At that level, fear is rarely about capability; it is about consequence. Silence can feel prudent, and sometimes it is. But there are moments, and more often it is a tightening in the body or a thought that arrives and retreats before it fully forms. You begin to calculate – timing, political capital, how your concern might be received – and because that calculation happens quickly and internally, it often passes without examination.
I remember sitting in an executive meeting with a concern about a restructuring. I had data, but I also had doubts. I weighed whether raising it would slow momentum or signal resistance. I said nothing – and so did others who were uneasy. The decision went ahead and, on paper, it worked. Yet internally, I knew we had narrowed the debate. The issue was not that we were incapable or irrational. It was that the consequences of dissent felt heavier than the consequences of silence.
That internal calculation does not disappear with seniority; it becomes more refined. And sometimes it is not only about external impact. At the executive level, identity and role intertwine. You are introduced by your title; your credibility precedes you. Over time, it becomes easy to protect the image of being decisive and aligned, even when you are uncertain. When identity fuses too tightly with role, hesitation can feel personal rather than strategic, and what appears externally as alignment may internally be an attempt to preserve stability.

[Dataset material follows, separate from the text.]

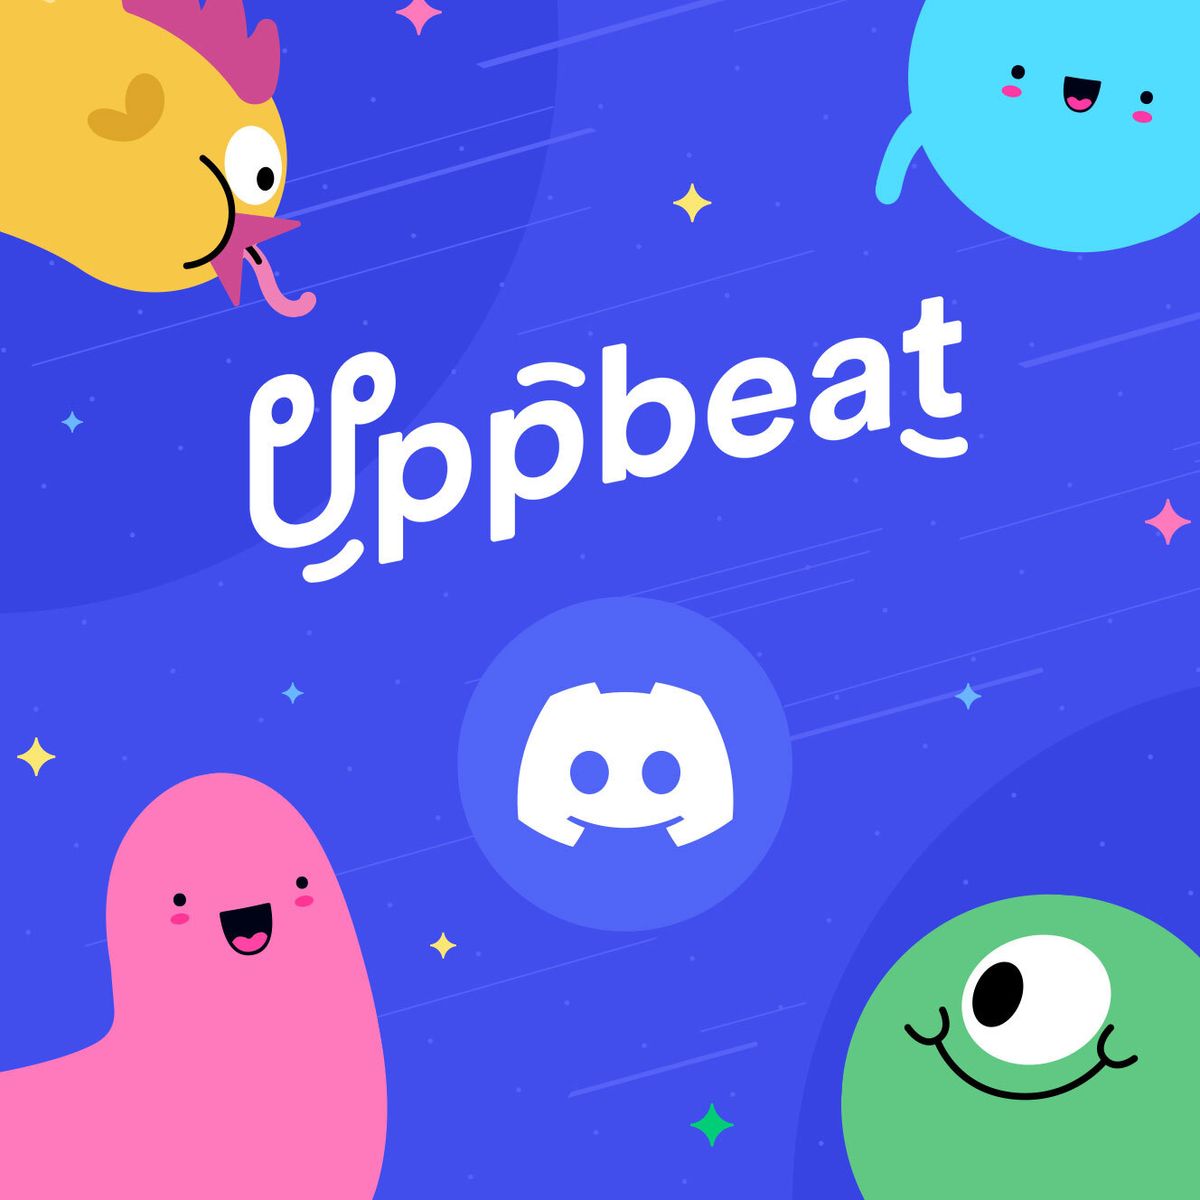 Image to accompany article introducing the Uppbeat server on Discord.

Volatility Amplifies What Is Already There
Now place that dynamic inside sustained volatility. The World Economic Forum’s Global Risks Report 2026 describes a landscape shaped by geoeconomic confrontation, technological acceleration and economic instability, with half of global leaders anticipating a turbulent outlook over the next two years. Organisations respond rationally – restructuring, optimising, redesigning – and in many cases, those actions are necessary. No serious leader would argue that commercial reality should be ignored.
What receives less attention is what prolonged volatility does to the individual leader. When uncertainty stops being occasional and becomes constant, vigilance increases and risk sensitivity rises. You feel it before you analyse it. Your answers become quicker, your tolerance for ambiguity tightens and your appetite for friction diminishes. This is not a performance shift; it is a human response to sustained pressure. Under strain, we instinctively narrow our focus toward safety, which makes challenges feel riskier and speed feel relieving.
In my coaching work, I see how easily this narrowing is misinterpreted as decisiveness. A leader will describe what they call strategic acceleration, and when we slow the conversation down, it becomes clear that part of the speed was about reducing tension in the room. The commercial rationale was sound and so was the internal strain driving it. Volatility does not create fear at senior levels; it amplifies the consequences that are already embedded in senior responsibility. When that happens, behaviour shifts in ways that are easy to misread, and those shifts begin to shape the quality of decision-making.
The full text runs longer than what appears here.